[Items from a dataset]
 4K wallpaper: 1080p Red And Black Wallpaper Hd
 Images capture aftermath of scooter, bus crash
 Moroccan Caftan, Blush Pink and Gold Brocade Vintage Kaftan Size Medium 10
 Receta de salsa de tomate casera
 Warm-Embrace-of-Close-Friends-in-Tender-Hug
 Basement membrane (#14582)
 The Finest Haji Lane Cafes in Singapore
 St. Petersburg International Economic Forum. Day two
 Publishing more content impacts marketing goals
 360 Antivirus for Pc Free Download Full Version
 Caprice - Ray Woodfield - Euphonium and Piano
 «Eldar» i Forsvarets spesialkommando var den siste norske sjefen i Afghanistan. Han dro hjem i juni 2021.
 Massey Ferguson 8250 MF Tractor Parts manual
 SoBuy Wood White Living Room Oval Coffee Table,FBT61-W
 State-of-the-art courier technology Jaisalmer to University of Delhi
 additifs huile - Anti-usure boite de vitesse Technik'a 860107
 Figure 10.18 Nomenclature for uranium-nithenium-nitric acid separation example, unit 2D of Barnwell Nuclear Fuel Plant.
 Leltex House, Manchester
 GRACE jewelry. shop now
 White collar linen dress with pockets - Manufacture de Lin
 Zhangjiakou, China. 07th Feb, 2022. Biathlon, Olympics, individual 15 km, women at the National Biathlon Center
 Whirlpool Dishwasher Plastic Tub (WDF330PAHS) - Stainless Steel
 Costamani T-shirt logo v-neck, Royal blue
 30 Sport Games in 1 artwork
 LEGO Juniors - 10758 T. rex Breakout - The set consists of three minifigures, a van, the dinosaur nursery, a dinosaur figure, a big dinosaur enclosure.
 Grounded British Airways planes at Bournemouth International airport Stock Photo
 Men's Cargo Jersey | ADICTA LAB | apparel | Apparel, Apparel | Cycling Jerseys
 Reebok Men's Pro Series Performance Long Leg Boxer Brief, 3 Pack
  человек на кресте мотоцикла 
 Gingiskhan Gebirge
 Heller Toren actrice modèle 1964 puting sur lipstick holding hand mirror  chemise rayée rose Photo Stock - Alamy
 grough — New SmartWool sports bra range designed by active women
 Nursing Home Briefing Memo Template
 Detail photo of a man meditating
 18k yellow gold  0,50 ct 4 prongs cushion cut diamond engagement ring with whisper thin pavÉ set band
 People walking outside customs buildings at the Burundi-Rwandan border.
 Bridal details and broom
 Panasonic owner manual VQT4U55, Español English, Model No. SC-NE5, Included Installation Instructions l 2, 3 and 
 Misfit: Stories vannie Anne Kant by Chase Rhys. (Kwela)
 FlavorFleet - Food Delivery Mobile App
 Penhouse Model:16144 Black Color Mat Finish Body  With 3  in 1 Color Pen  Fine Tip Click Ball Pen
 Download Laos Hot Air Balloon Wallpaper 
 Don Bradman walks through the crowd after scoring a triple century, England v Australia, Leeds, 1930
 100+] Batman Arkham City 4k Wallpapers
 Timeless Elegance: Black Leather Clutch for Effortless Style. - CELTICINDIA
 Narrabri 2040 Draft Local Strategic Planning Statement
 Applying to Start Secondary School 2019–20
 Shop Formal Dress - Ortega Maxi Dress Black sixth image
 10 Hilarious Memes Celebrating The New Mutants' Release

WORK REQUIRED:
Every entry above should be retyped exactly as it appears.

REPLY TO THE EXERCISE:
 4K wallpaper: 1080p Red And Black Wallpaper Hd
 Images capture aftermath of scooter, bus crash
 Moroccan Caftan, Blush Pink and Gold Brocade Vintage Kaftan Size Medium 10
 Receta de salsa de tomate casera
 Warm-Embrace-of-Close-Friends-in-Tender-Hug
 Basement membrane (#14582)
 The Finest Haji Lane Cafes in Singapore
 St. Petersburg International Economic Forum. Day two
 Publishing more content impacts marketing goals
 360 Antivirus for Pc Free Download Full Version
 Caprice - Ray Woodfield - Euphonium and Piano
 «Eldar» i Forsvarets spesialkommando var den siste norske sjefen i Afghanistan. Han dro hjem i juni 2021.
 Massey Ferguson 8250 MF Tractor Parts manual
 SoBuy Wood White Living Room Oval Coffee Table,FBT61-W
 State-of-the-art courier technology Jaisalmer to University of Delhi
 additifs huile - Anti-usure boite de vitesse Technik'a 860107
 Figure 10.18 Nomenclature for uranium-nithenium-nitric acid separation example, unit 2D of Barnwell Nuclear Fuel Plant.
 Leltex House, Manchester
 GRACE jewelry. shop now
 White collar linen dress with pockets - Manufacture de Lin
 Zhangjiakou, China. 07th Feb, 2022. Biathlon, Olympics, individual 15 km, women at the National Biathlon Center
 Whirlpool Dishwasher Plastic Tub (WDF330PAHS) - Stainless Steel
 Costamani T-shirt logo v-neck, Royal blue
 30 Sport Games in 1 artwork
 LEGO Juniors - 10758 T. rex Breakout - The set consists of three minifigures, a van, the dinosaur nursery, a dinosaur figure, a big dinosaur enclosure.
 Grounded British Airways planes at Bournemouth International airport Stock Photo
 Men's Cargo Jersey | ADICTA LAB | apparel | Apparel, Apparel | Cycling Jerseys
 Reebok Men's Pro Series Performance Long Leg Boxer Brief, 3 Pack
  человек на кресте мотоцикла 
 Gingiskhan Gebirge
 Heller Toren actrice modèle 1964 puting sur lipstick holding hand mirror  chemise rayée rose Photo Stock - Alamy
 grough — New SmartWool sports bra range designed by active women
 Nursing Home Briefing Memo Template
 Detail photo of a man meditating
 18k yellow gold  0,50 ct 4 prongs cushion cut diamond engagement ring with whisper thin pavÉ set band
 People walking outside customs buildings at the Burundi-Rwandan border.
 Bridal details and broom
 Panasonic owner manual VQT4U55, Español English, Model No. SC-NE5, Included Installation Instructions l 2, 3 and 
 Misfit: Stories vannie Anne Kant by Chase Rhys. (Kwela)
 FlavorFleet - Food Delivery Mobile App
 Penhouse Model:16144 Black Color Mat Finish Body  With 3  in 1 Color Pen  Fine Tip Click Ball Pen
 Download Laos Hot Air Balloon Wallpaper 
 Don Bradman walks through the crowd after scoring a triple century, England v Australia, Leeds, 1930
 100+] Batman Arkham City 4k Wallpapers
 Timeless Elegance: Black Leather Clutch for Effortless Style. - CELTICINDIA
 Narrabri 2040 Draft Local Strategic Planning Statement
 Applying to Start Secondary School 2019–20
 Shop Formal Dress - Ortega Maxi Dress Black sixth image
 10 Hilarious Memes Celebrating The New Mutants' Release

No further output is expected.